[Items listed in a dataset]
Start of Block
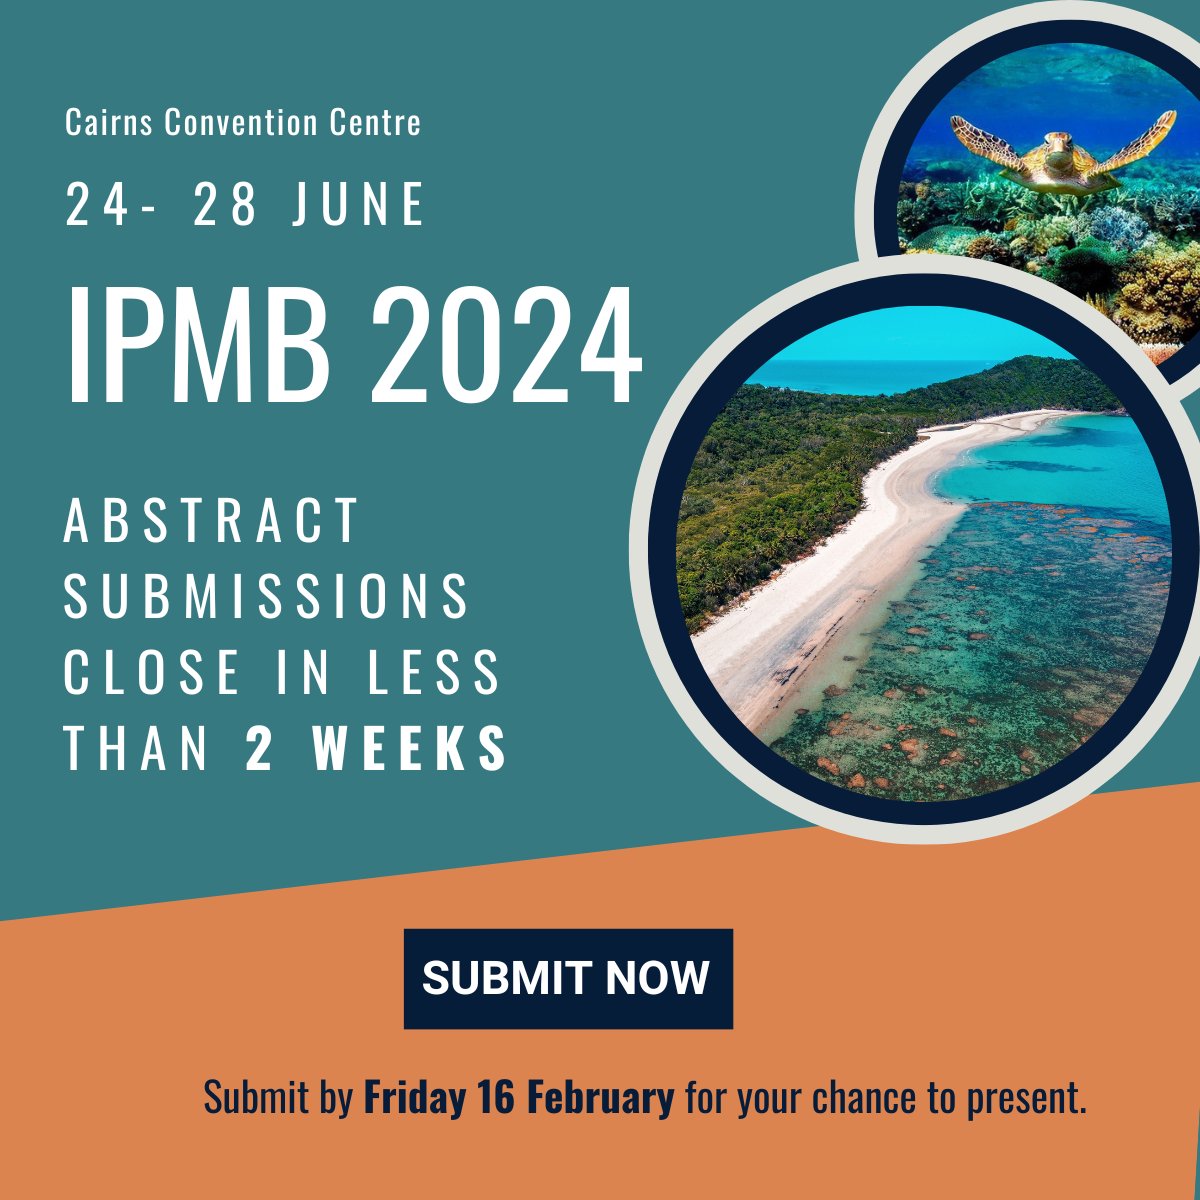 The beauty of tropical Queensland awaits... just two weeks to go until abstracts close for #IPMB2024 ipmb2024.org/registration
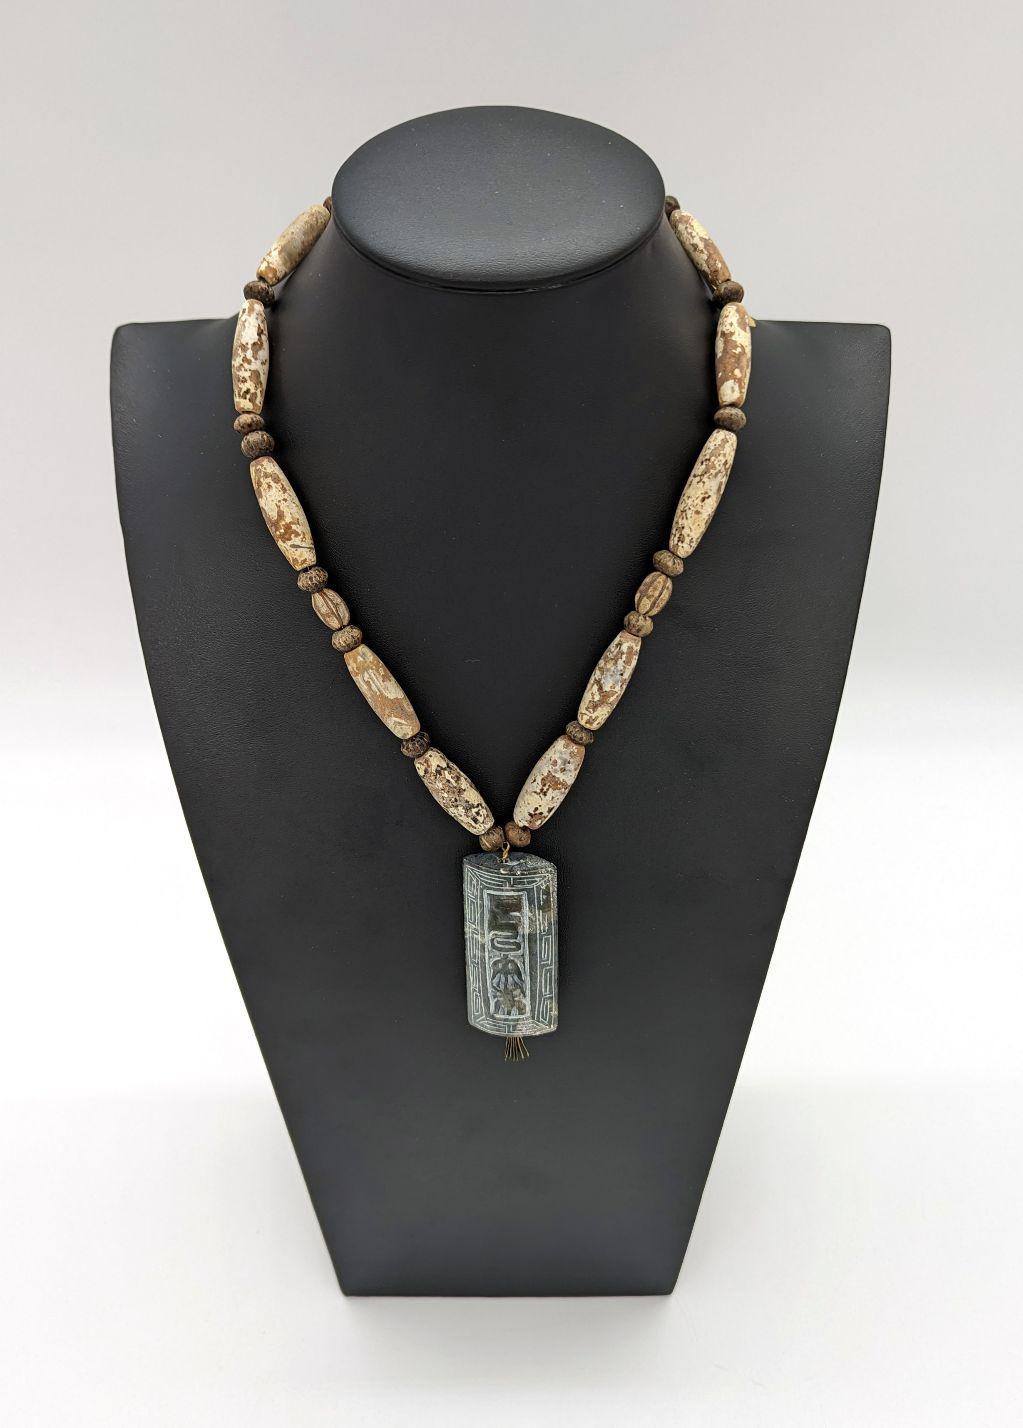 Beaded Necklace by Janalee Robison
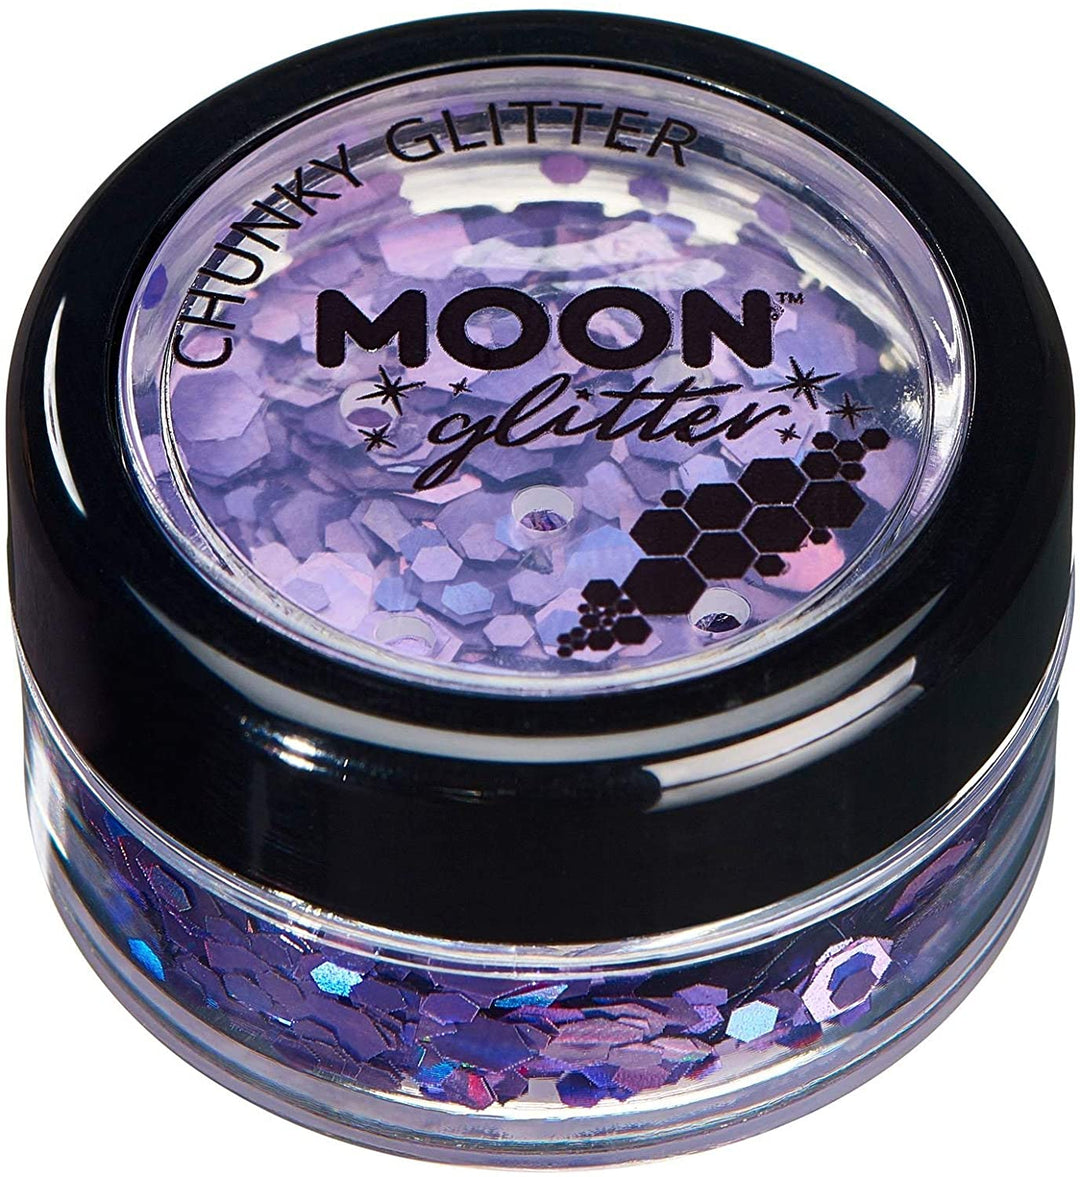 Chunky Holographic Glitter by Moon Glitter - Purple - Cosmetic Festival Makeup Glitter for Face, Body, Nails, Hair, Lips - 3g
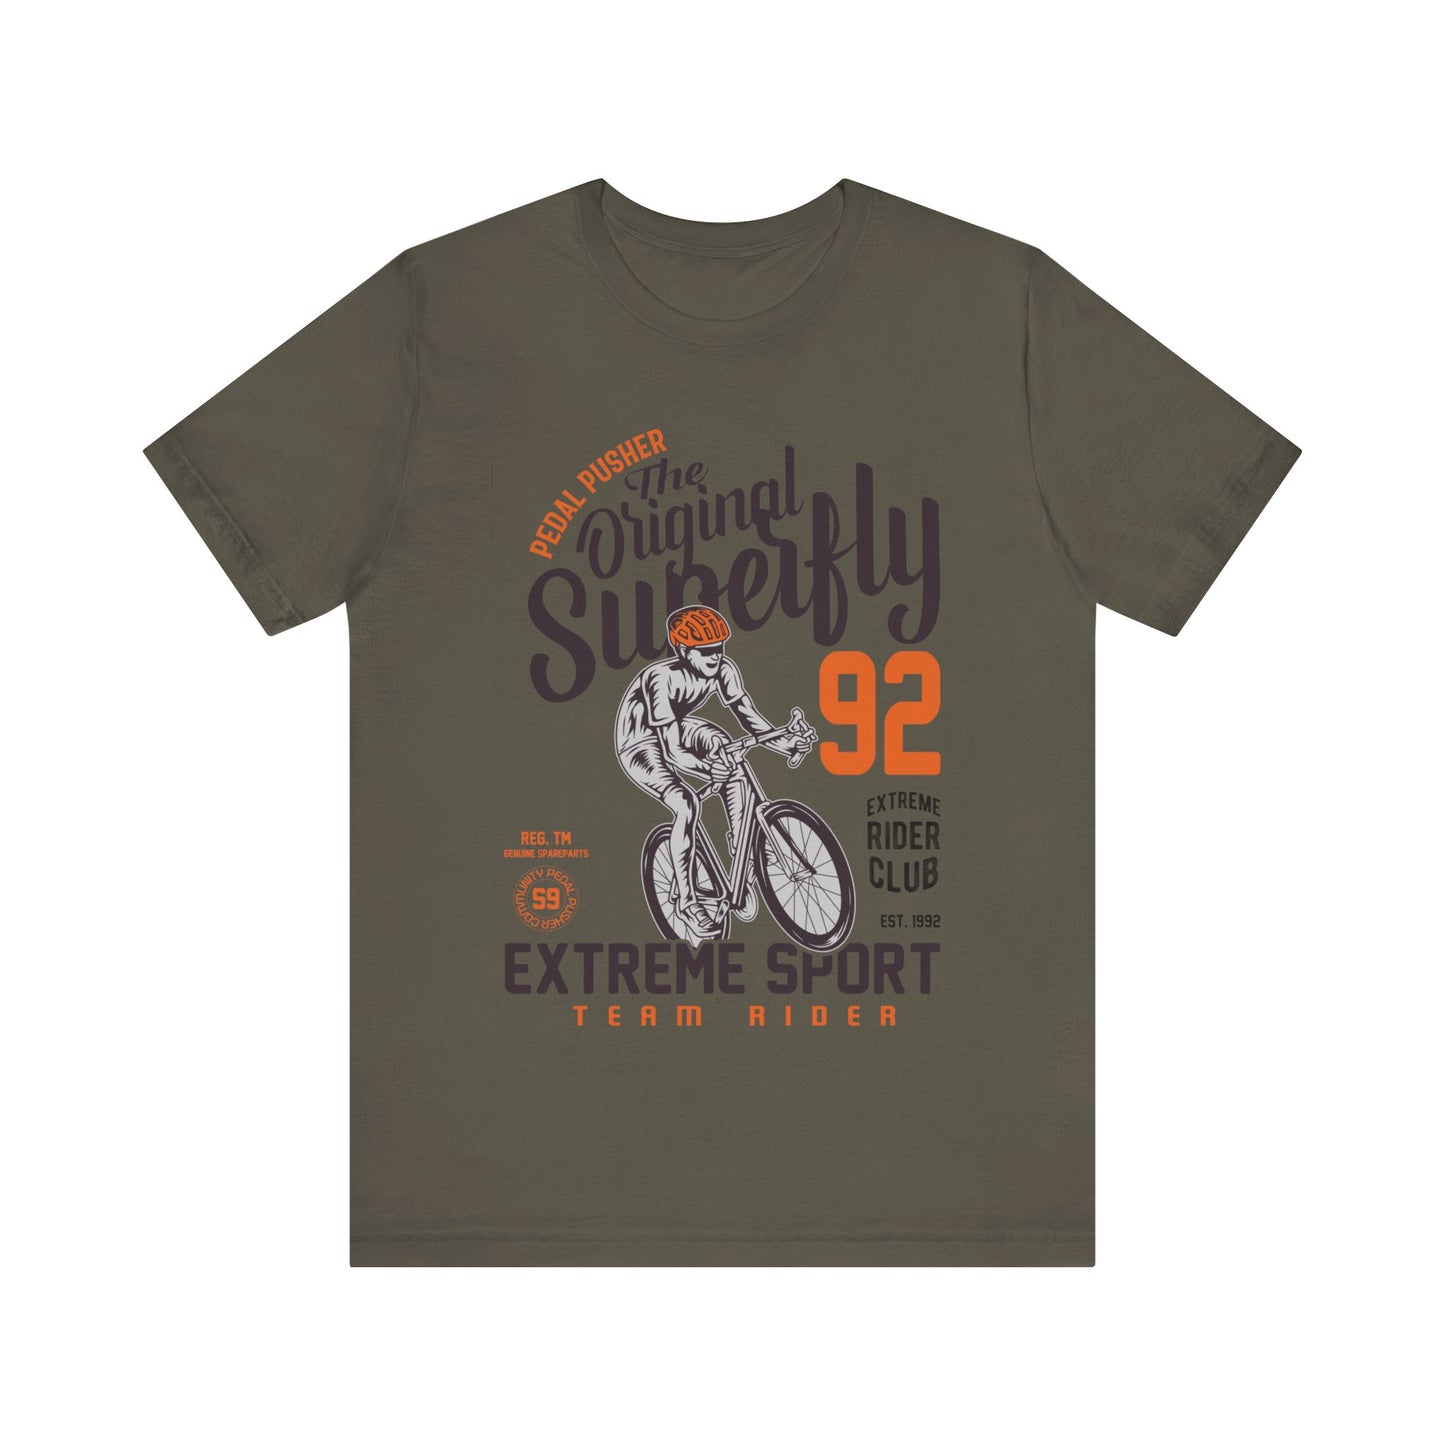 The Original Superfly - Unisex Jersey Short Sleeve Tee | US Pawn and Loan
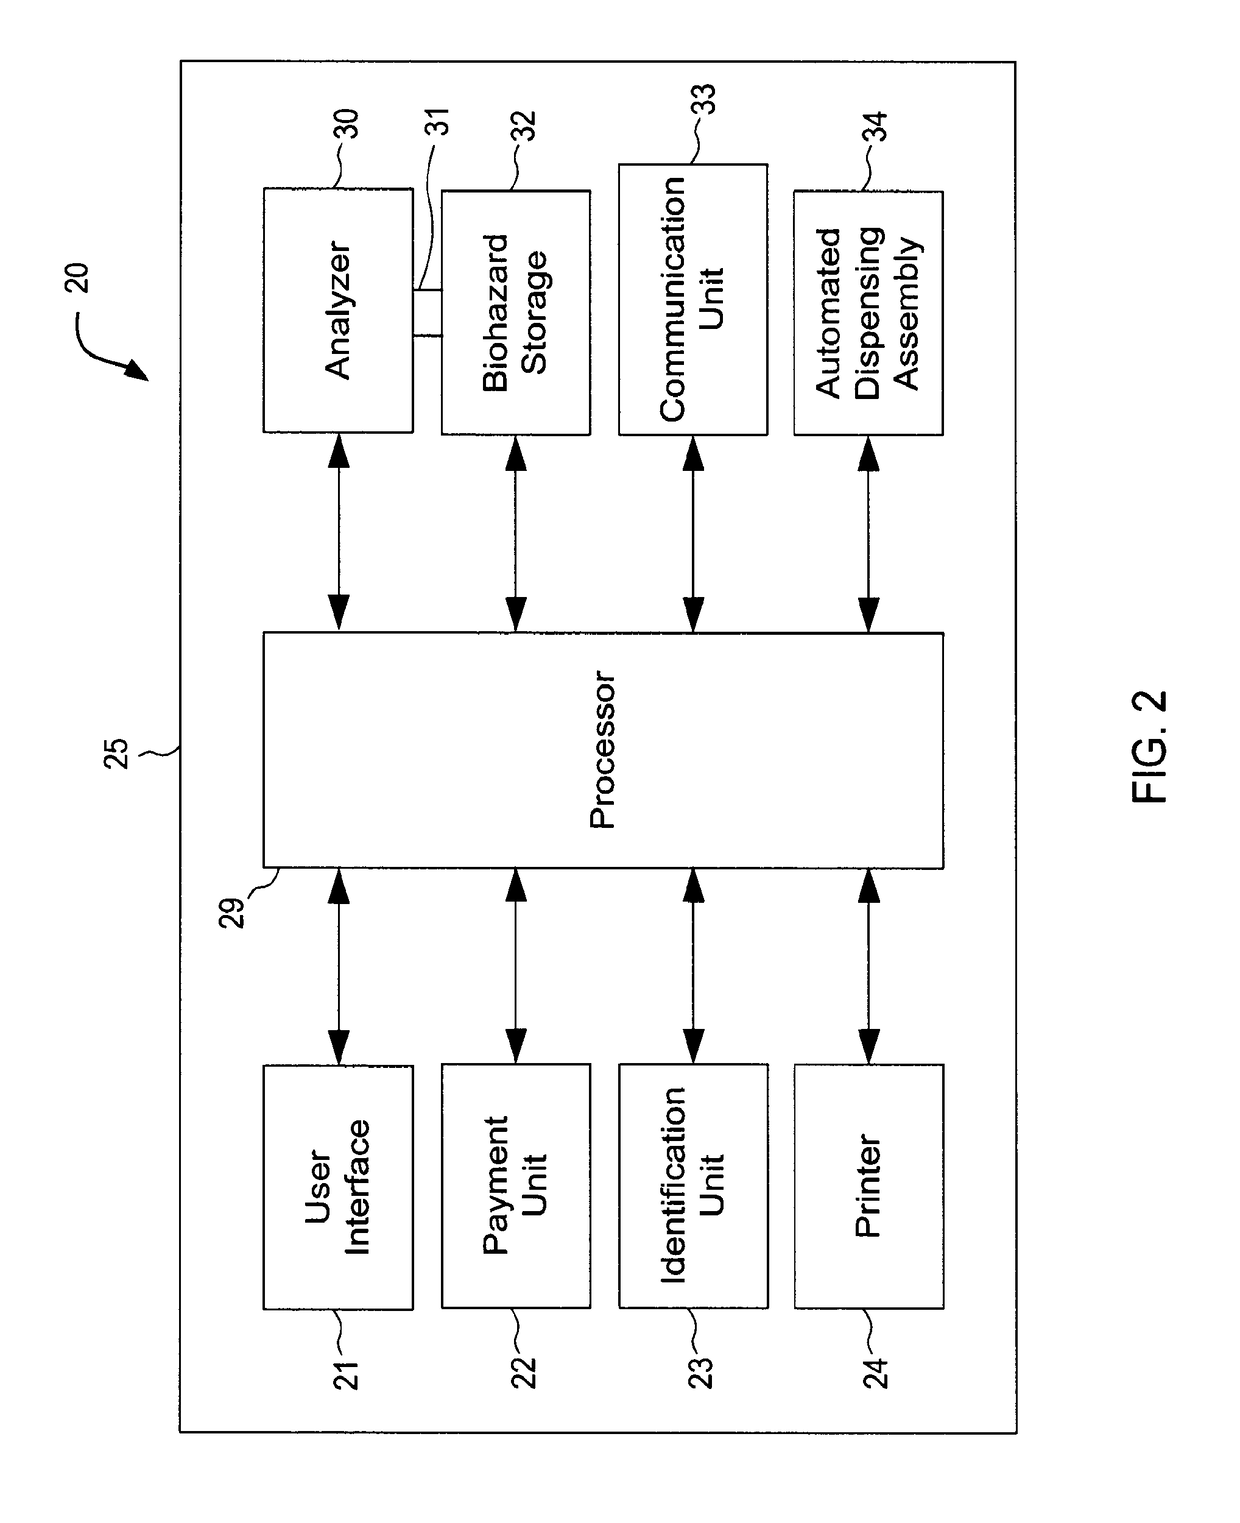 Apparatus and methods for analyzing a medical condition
End of Block
**WHAT YOU NEED TO DO**
Retype, without any picture, exactly the lines from the one with "Beaded Necklace by Janalee Robison" through the end of the entries, inclusive.

**FINISHED TASK**
 Beaded Necklace by Janalee Robison
 Chunky Holographic Glitter by Moon Glitter - Purple - Cosmetic Festival Makeup Glitter for Face, Body, Nails, Hair, Lips - 3g
 The Original Superfly - Unisex Jersey Short Sleeve Tee | US Pawn and Loan
 Apparatus and methods for analyzing a medical condition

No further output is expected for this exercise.